BMR: Our exports started only 5-6 years back because of the government’s defence offset policy. Although the policy was introduced in 2005, orders started flowing in only after 2007. As per the policy, whenever our government places a defence order of Rs.300 crore or more with an overseas vendor, the vendor is obligated to source at least 30% of the order value from India. It’s because of this the export orders have started flowing in.

TDB: Who are your main overseas clients? Can you name the biggest client?

BMR: As of now, we have only one major international client – ELTA Systems Ltd., a 100% subsidiary of Israeli Aerospace Industries. ELTA Systems accounted for more than 95% of our exports last year.

TDB: Do you think the fact that your client base is very concentrated might be a turn-off for investors?

BMR: In the defence sector, there are only three end clients – the Air Force, the Navy and the Army. Even when it comes to manufacturing, India has only two defence PSUs in our line of production. Similarly, DRDO has 4-5 laboratories, from whom we get our business. One has to understand that we are in the defence segment and not in consumer market.

TDB: In the last 10 years, your revenue has grown from Rs.65.23 crore to Rs.531.16 crore, but profit margin has fallen from over 26% to about 10%. Is it something inherent to the business you are in or is it something specific to Astra Microwave?

BMR: In 2005, we were a small company and our expenses were very low. With time, expenses have grown. The business mix has also changed. Earlier, it used to be 100% indigenous business. Today, exports account for over 50% of our revenue. When it comes to exports, we just manufacture and don’t develop products. Since the value addition in exports is very low, margins are also lower.

TDB: Where do you think margins will settle going forward?

BMR: Margins will depend on the business mix. If indigenous business is more, our profit margins will rise to about 13-14%. But if exports dominate, we might go down to 10%.

TDB: Last year, your exports surged six-fold to Rs.341.85 crore. Do you think this trend will continue?

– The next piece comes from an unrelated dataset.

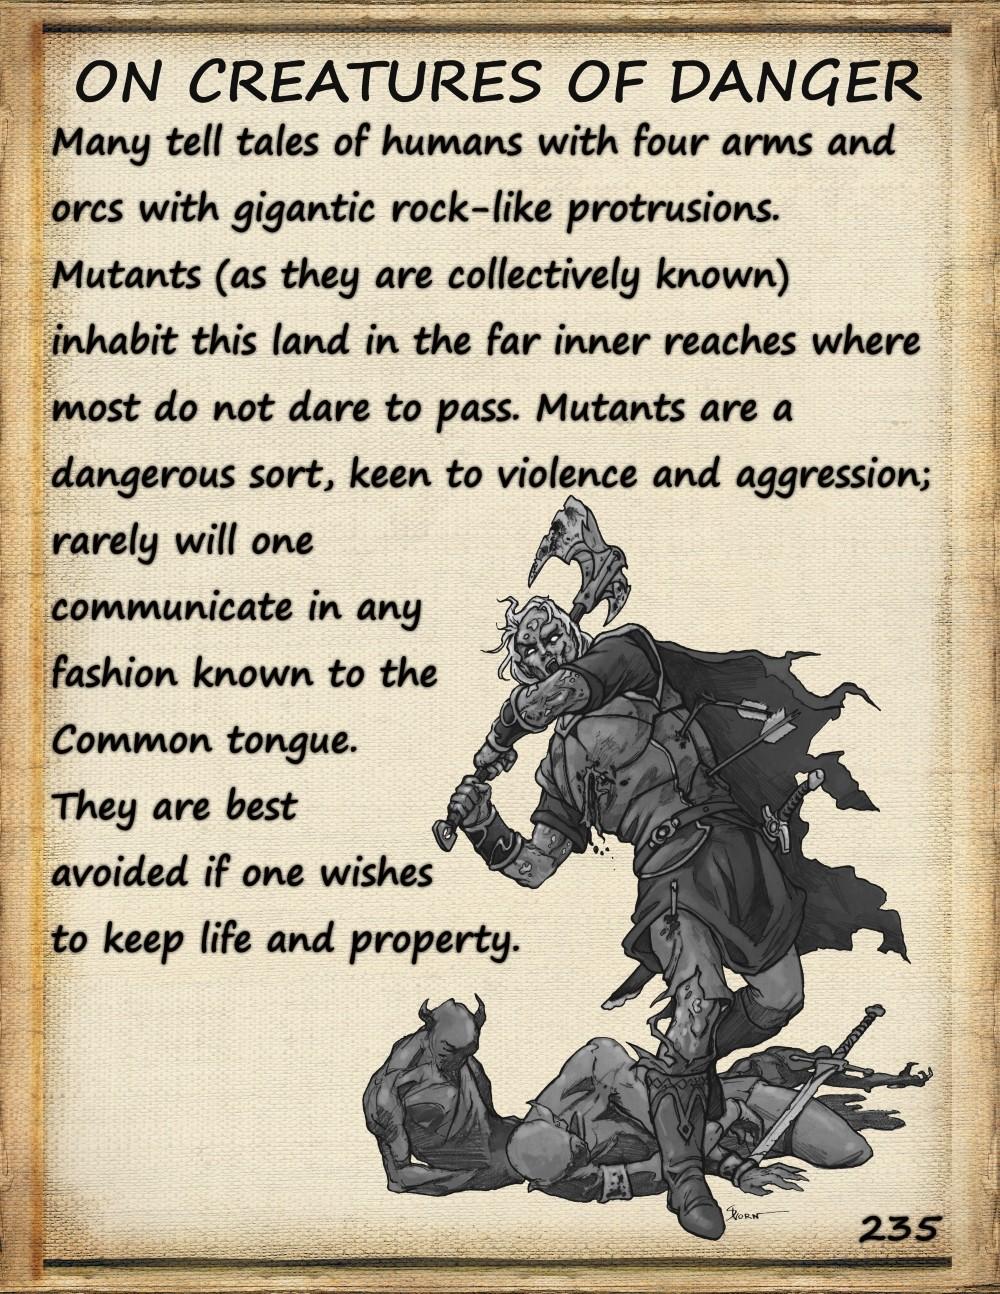 pilgrim's guide dangerous creatures

BMR: This year, we will do about Rs.400 crore of exports. But in FY2016, exports are likely to fall. We get export orders only when our country places a large defence order. So, the ride is bound to be bumpy. It’s just the nature of the business, something we can’t control.  

 

"Margins are lower in exports since it involves only manufacturing, not development"

 

TDB: What are some of the big opportunities for your company?

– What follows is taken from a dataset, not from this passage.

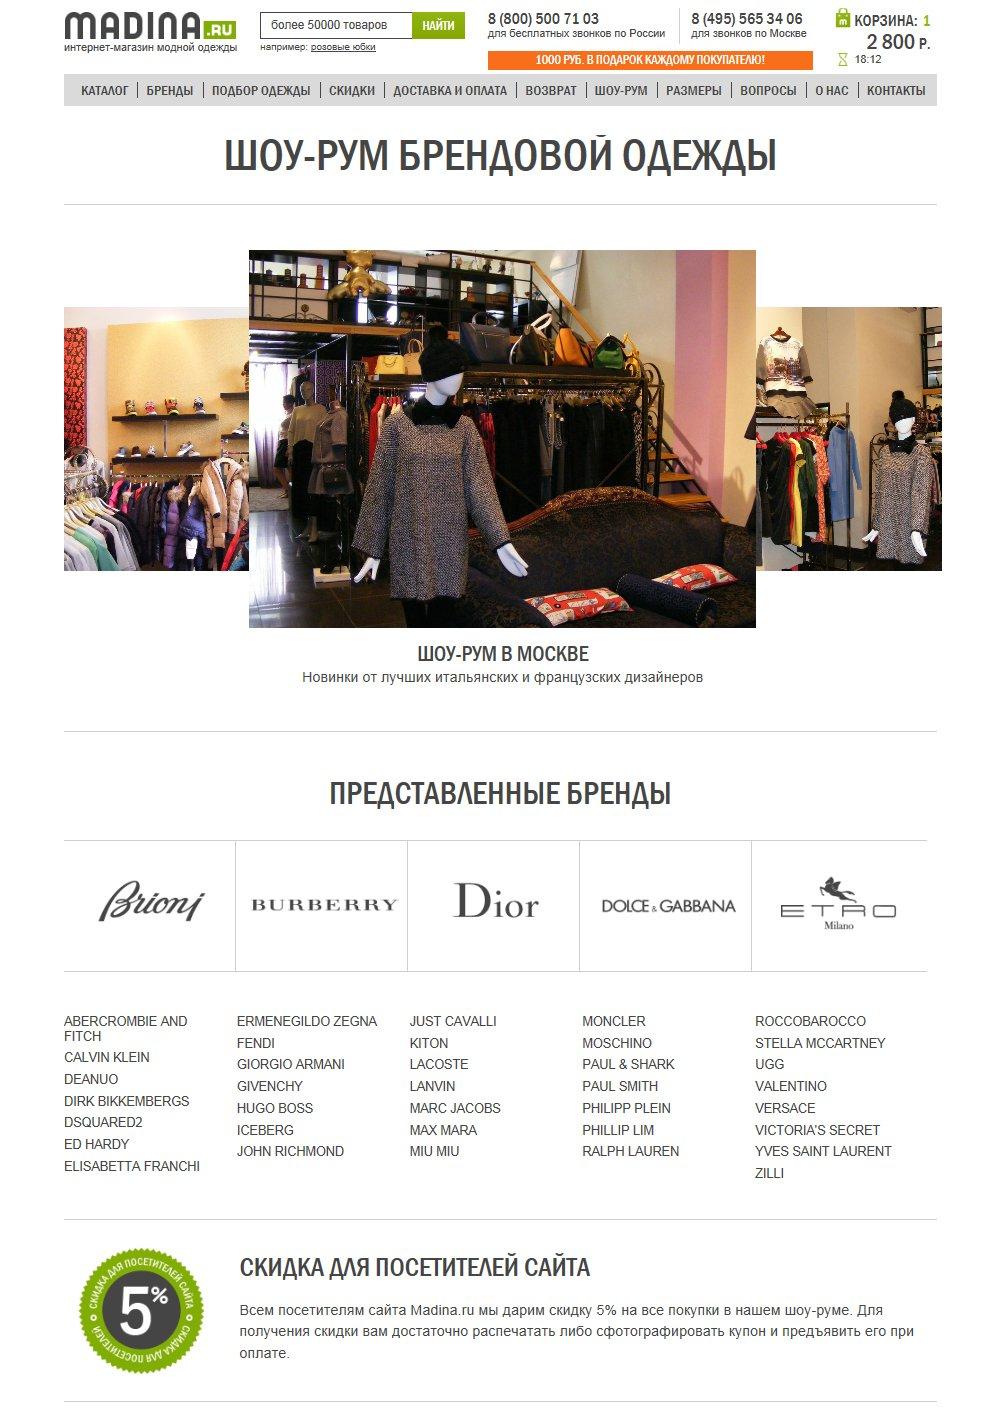 Страница шоу-рума в интернет-магазине модной одежды Madina.ru

BMR: We should get large orders if and when India’s multi-billion dollar deal to buy 126 Rafale combat aircraft is closed. A good aspect of the deal is that they have accepted a 50% offset obligation.

TDB: When a big order comes, is funding an issue?

BMR: No, funding is not an issue at all, although it might become an issue if many large opportunities come together. At the same time, the new government is seriously looking at indigenous equipment. So, I expect more indigenous opportunities to open up for us. 

TDB: How does the recent decision to hike foreign direct investment (FDI) in defence to 49% affect you?

BMR: More FDI in the sector will see more system manufacturers setting up shop in India. This will give us a larger customer base. The Tatas, Mahindras and L&Ts are all aspiring to enter the defence sector and will, most likely, create more clients for us.

TDB: Lastly, how has been the journey so far. Are you content with what you have achieved since Astra Microwave came into being in 1991?

BMR: I joined DRDO in 1974 and continued for 10 years. Thereafter, I moved to the private sector. In the early 1990s, I realised there was a lot of demand for microwave sub-systems and components since the communication sector was taking off. So, I, along with 4-5 of my ex-colleagues, started the company. Till 1998 we survived in the telecom industry, but later shifted focus to DRDO. Even in the defence sector, we survived only on R&D orders from DRDO till about 2006. Only since 2007, have we started seeing production orders.